US anti-proliferation activists feel that they have lost a crucial battle, but they haven’t, really. American law was never going to stop India from getting its own nukes, especially when Pakistan was getting nuclear weapons technology from China. The US has been pretty inconsistent in applying the law anyway: it never tries to enforce it against Israel, which has nukes coming out of its ears and has also never signed the NPT.
If the battle against proliferation has been lost, it was not lost on this field. What is being lost here is the opportunity to hold a public debate in the United States about the advisability of concluding what amounts to a military alliance with India. Close friendship, strong trade links, all sorts of cooperation between the world’s two largest democracies are undoubtedly good things and much to be desired, but a military alliance is a quite different thing and not so obviously desirable.
A military alliance between the world’s sole superpower and one of Asia’s two rising giants cannot fail to be seen as directed against the other Asian giant, China, though almost everybody in New Delhi and many people in Washington strenuously deny it. The risk here is of self-fulfiling prophecy: that by defining China as the potential enemy and taking steps to “contain” it, you convince the Chinese that you are their enemy. Verbal declarations that the alliance is not aimed at China may speak less loudly than arms sales, joint exercises and formal military agreements which suggest that it is.
Maybe it is harmless.

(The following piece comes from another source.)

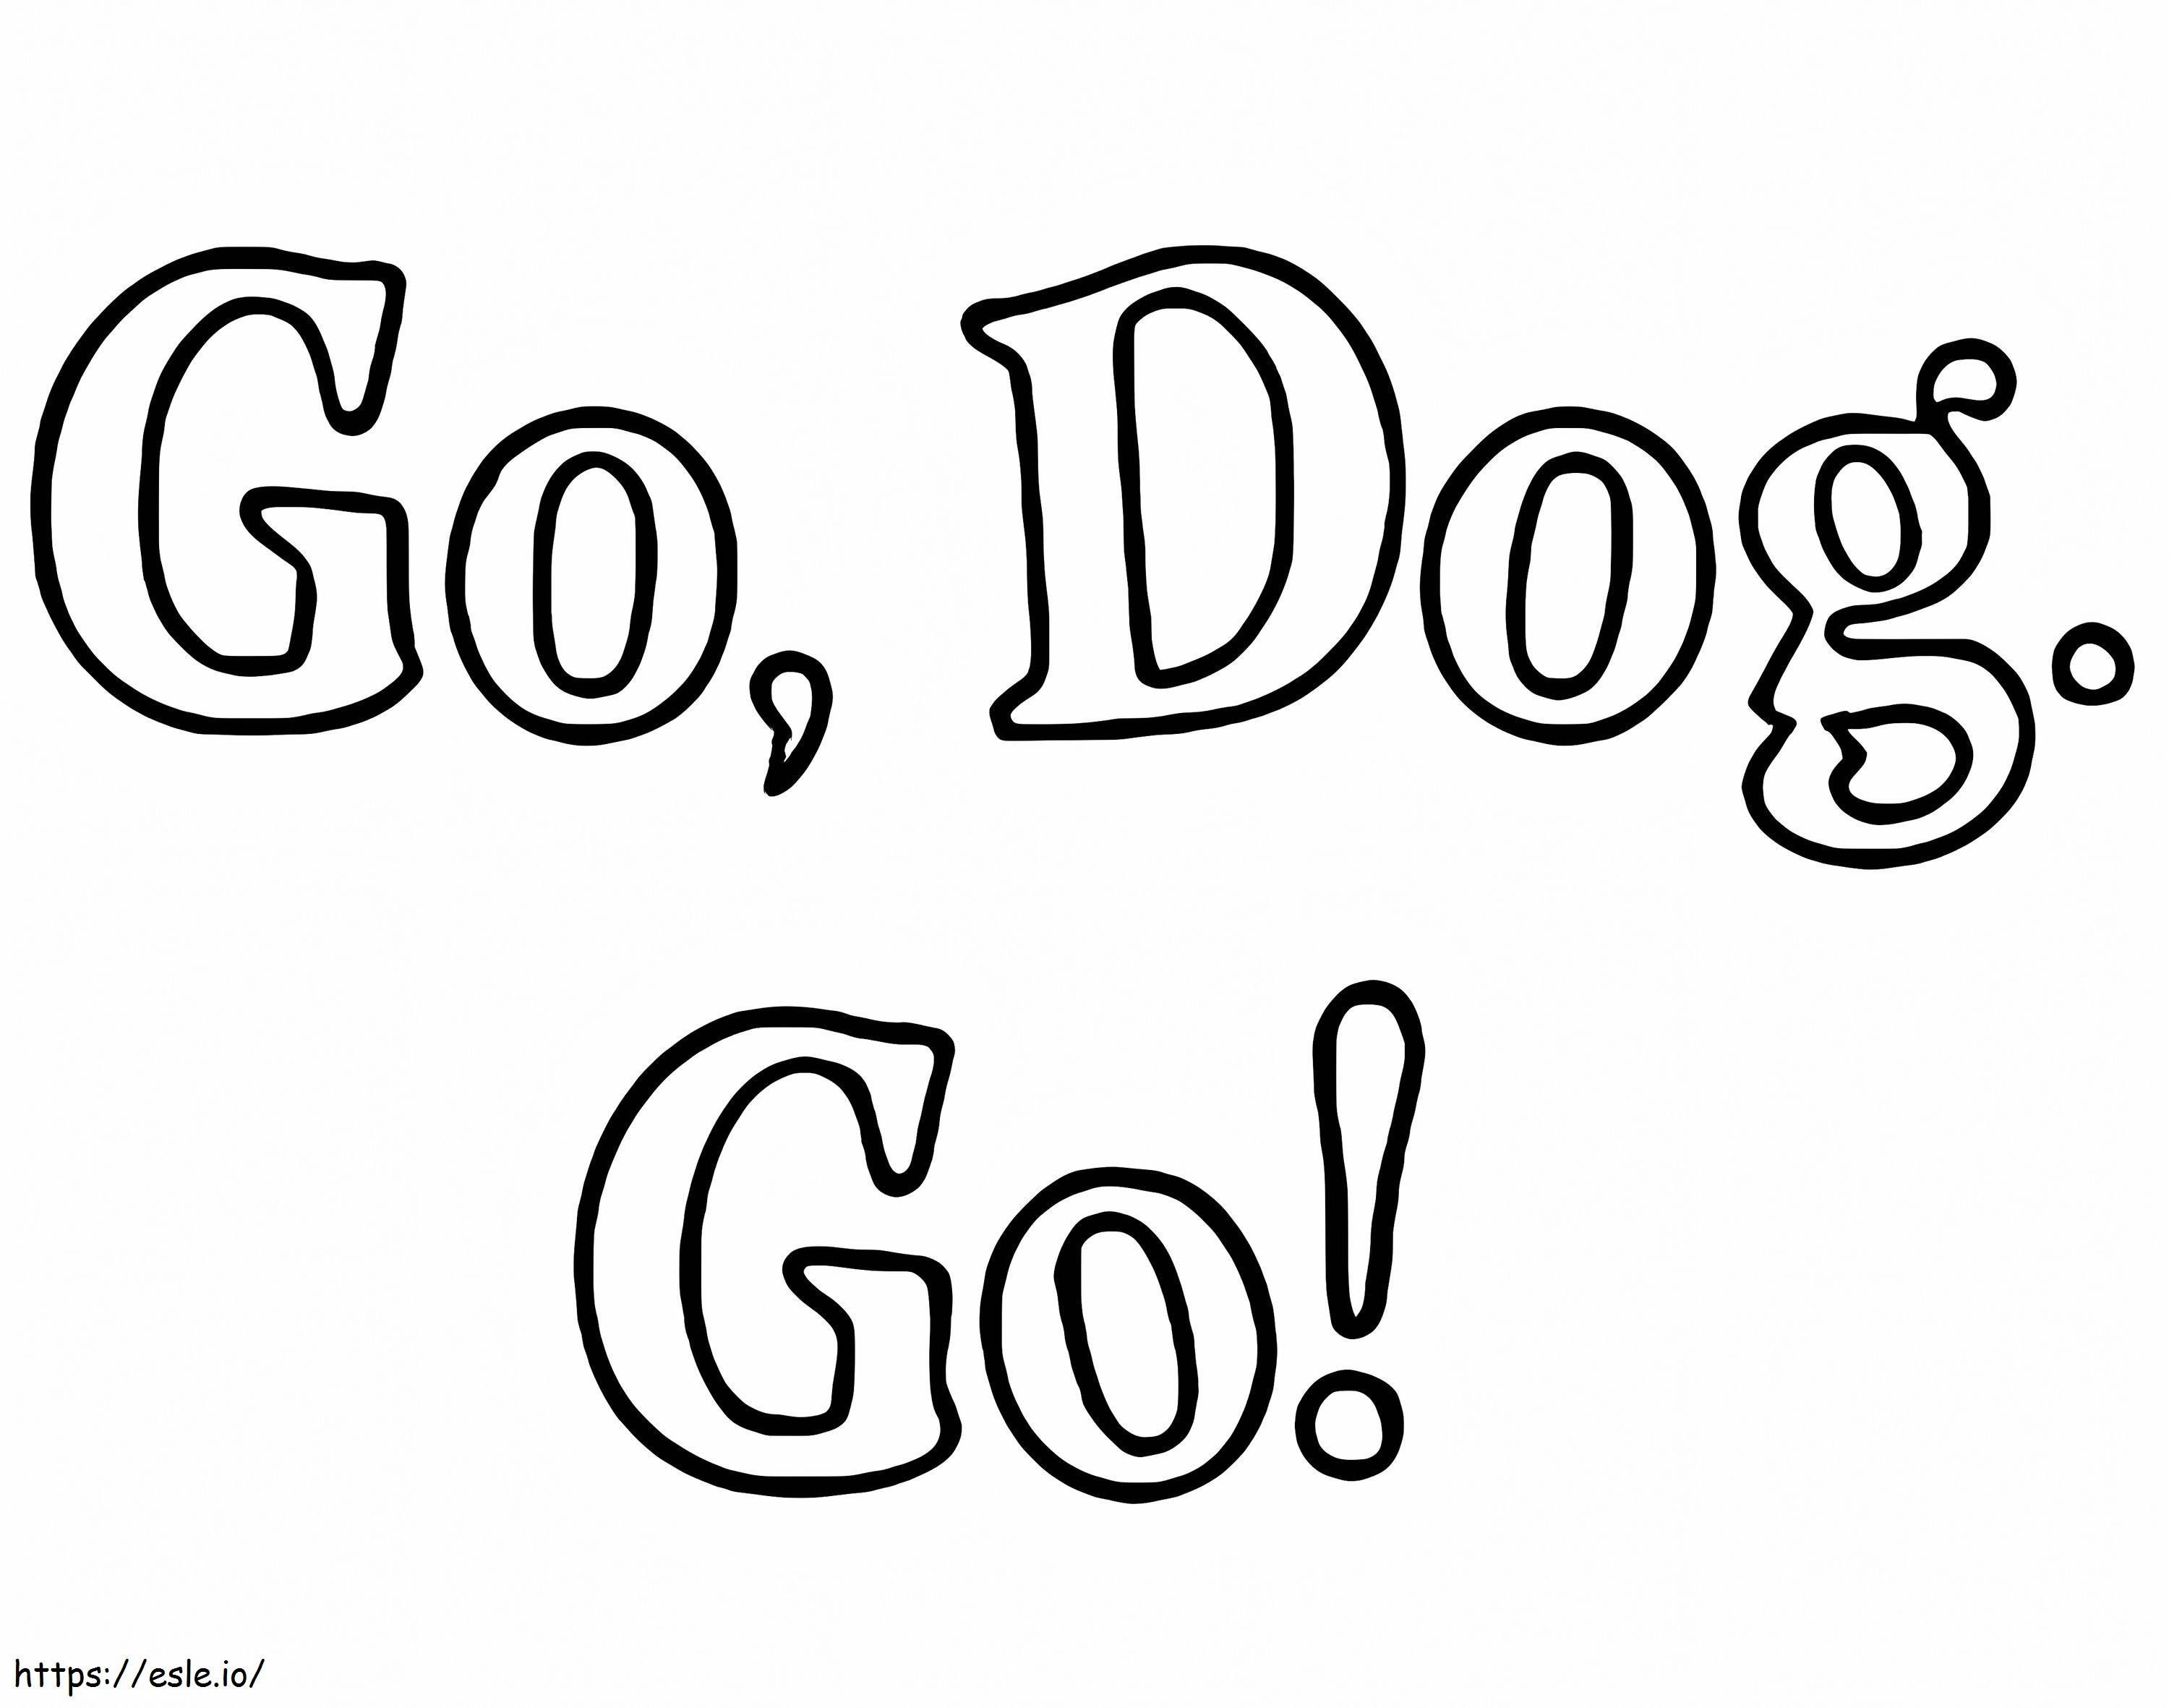 Go Dog Go-logo kleurplaat kleurplaat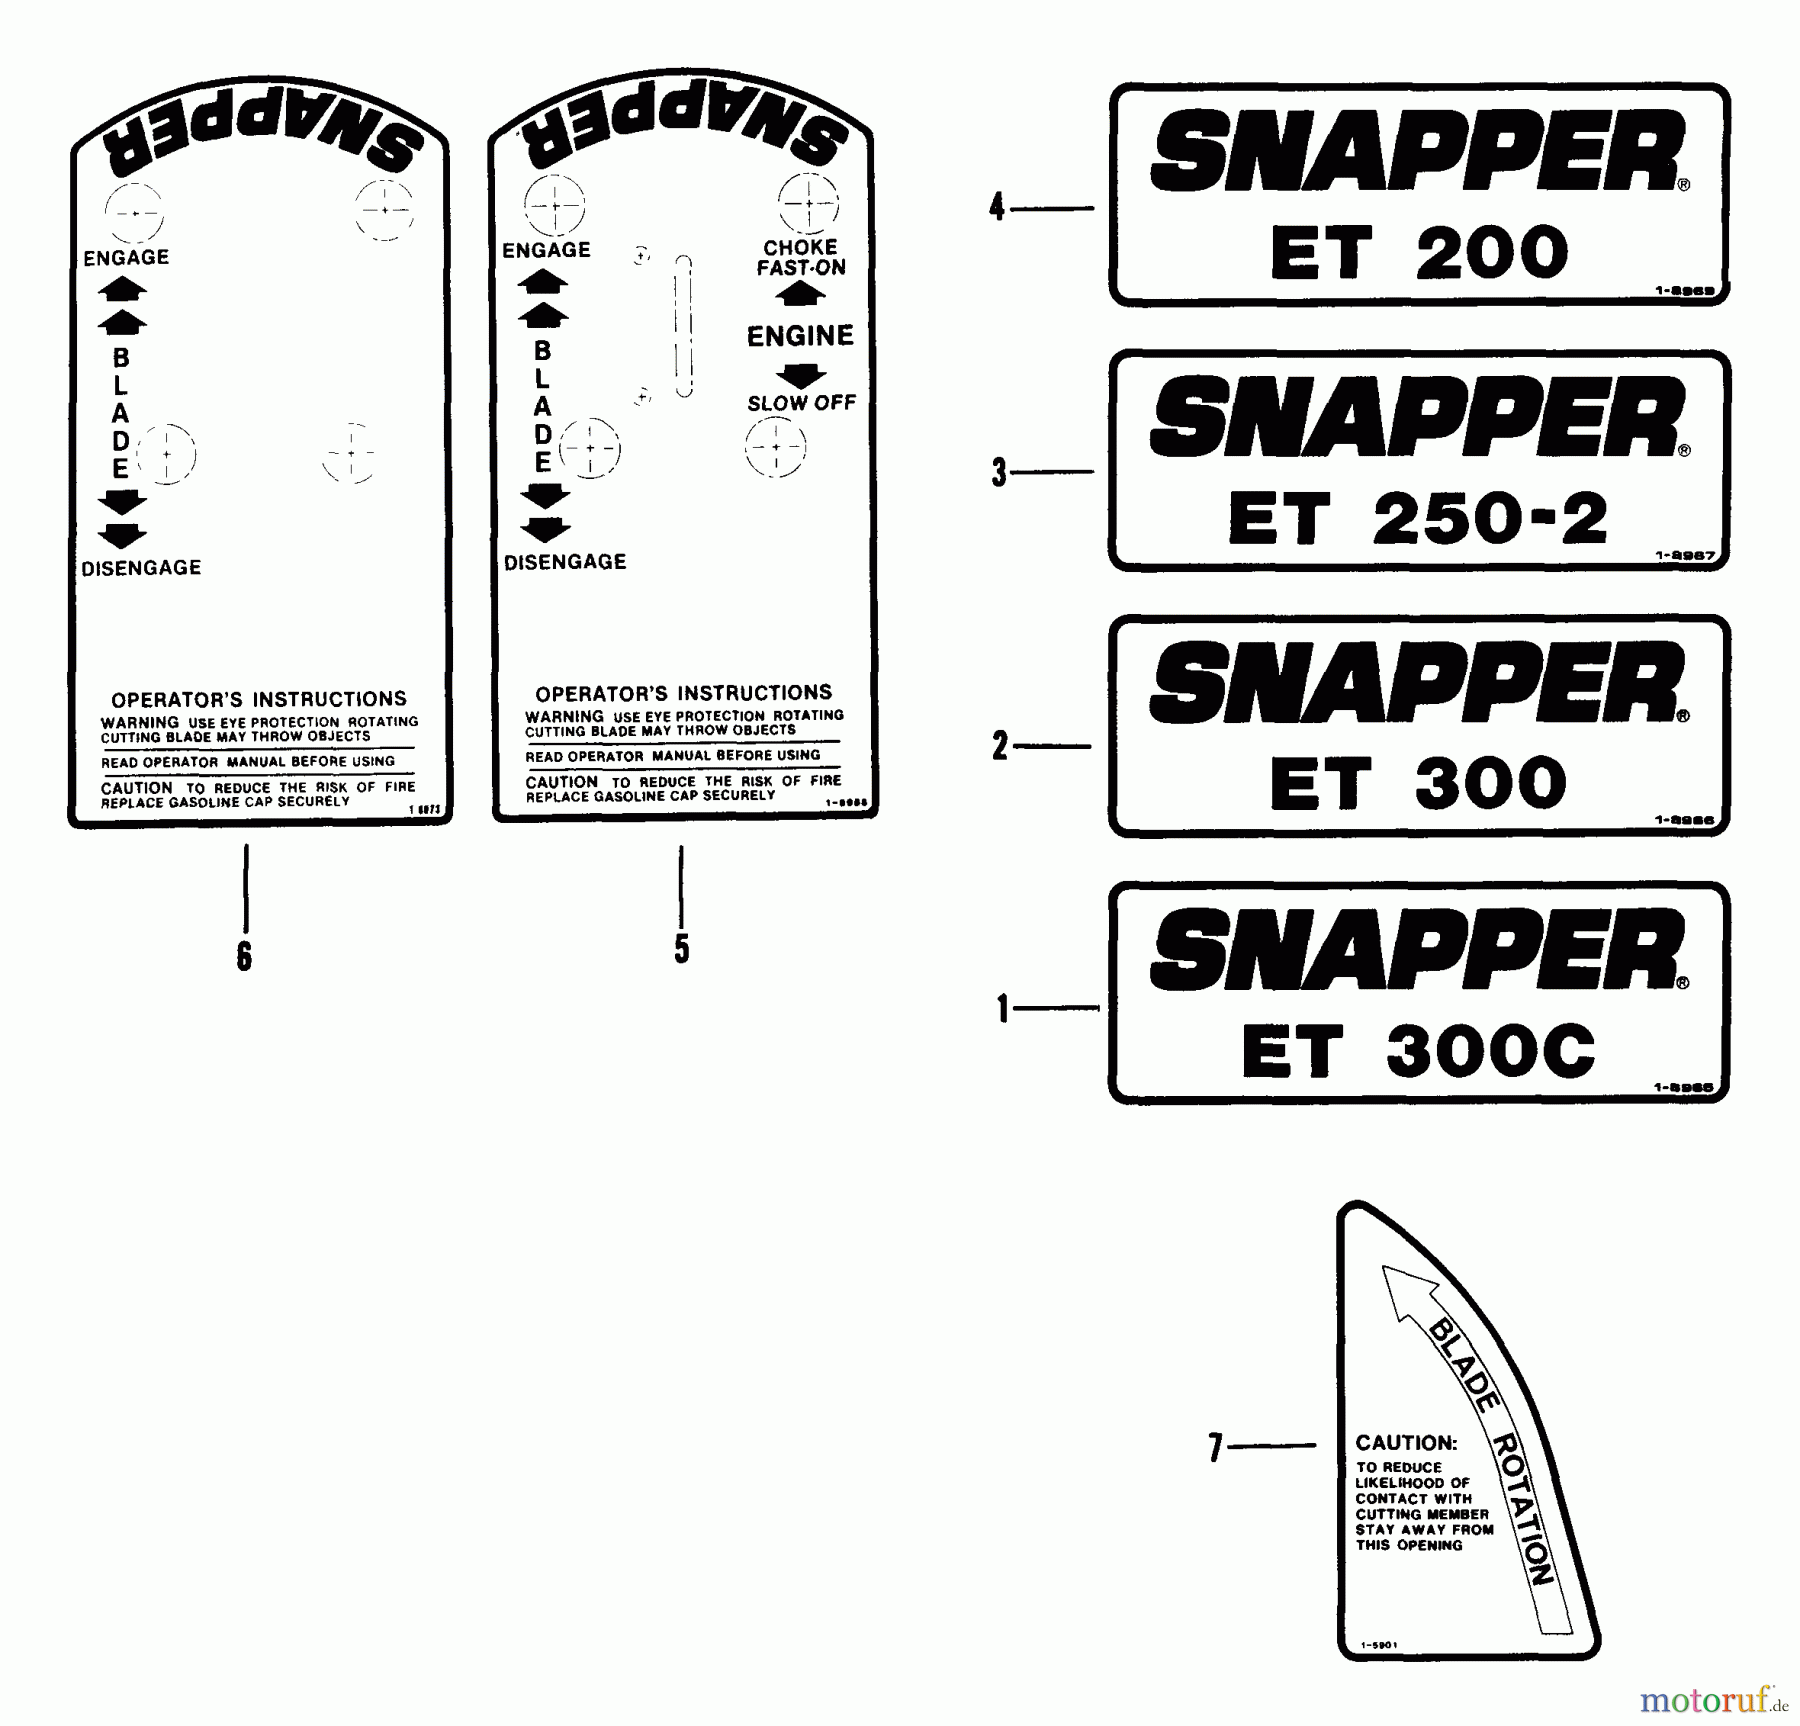  Snapper Kantenschneider ET201B - Snapper Edger Trimmer, 3 HP, Series 1 Decals

Maybe the Chinese are ultra-sophisticated people with very steady nerves who will understand that this is merely a precaution in case they turn out to be dangerous when they grow more powerful. But maybe China (like India or America) is run by ordinary people who have great difficulty in seeing the world through someone else’s eyes, in which case they may see the Indian-US alliance as a grave threat.
Indians take a hard line on this, pointing out that it is actually India that has been “contained” by China for decades. China gives nuclear weapons and missiles to Pakistan, it maintains close ties with the Burmese military regime, and it supplies Chinese arms practically free to all of India’s other neighbours — all with the goal of pinning India to its own South Asian region and preventing it from playing a wider role in Asia. It largely succeeded until recently, but now it is Beijing’s turn to have to be grown-up about things. Tough.
India has behaved quite responsibly over the years, so you can understand why Indians are impatient with such worries. But the US Congress, fixated by the non-proliferation issue, is sleep-walking into a de facto alliance that may end up drawing America and all of Asia into a decades-long strategic confrontation without ever really debating that larger question. Since the ten-year military agreement is not a formal alliance, it will never come before Congress, so this is the only chance.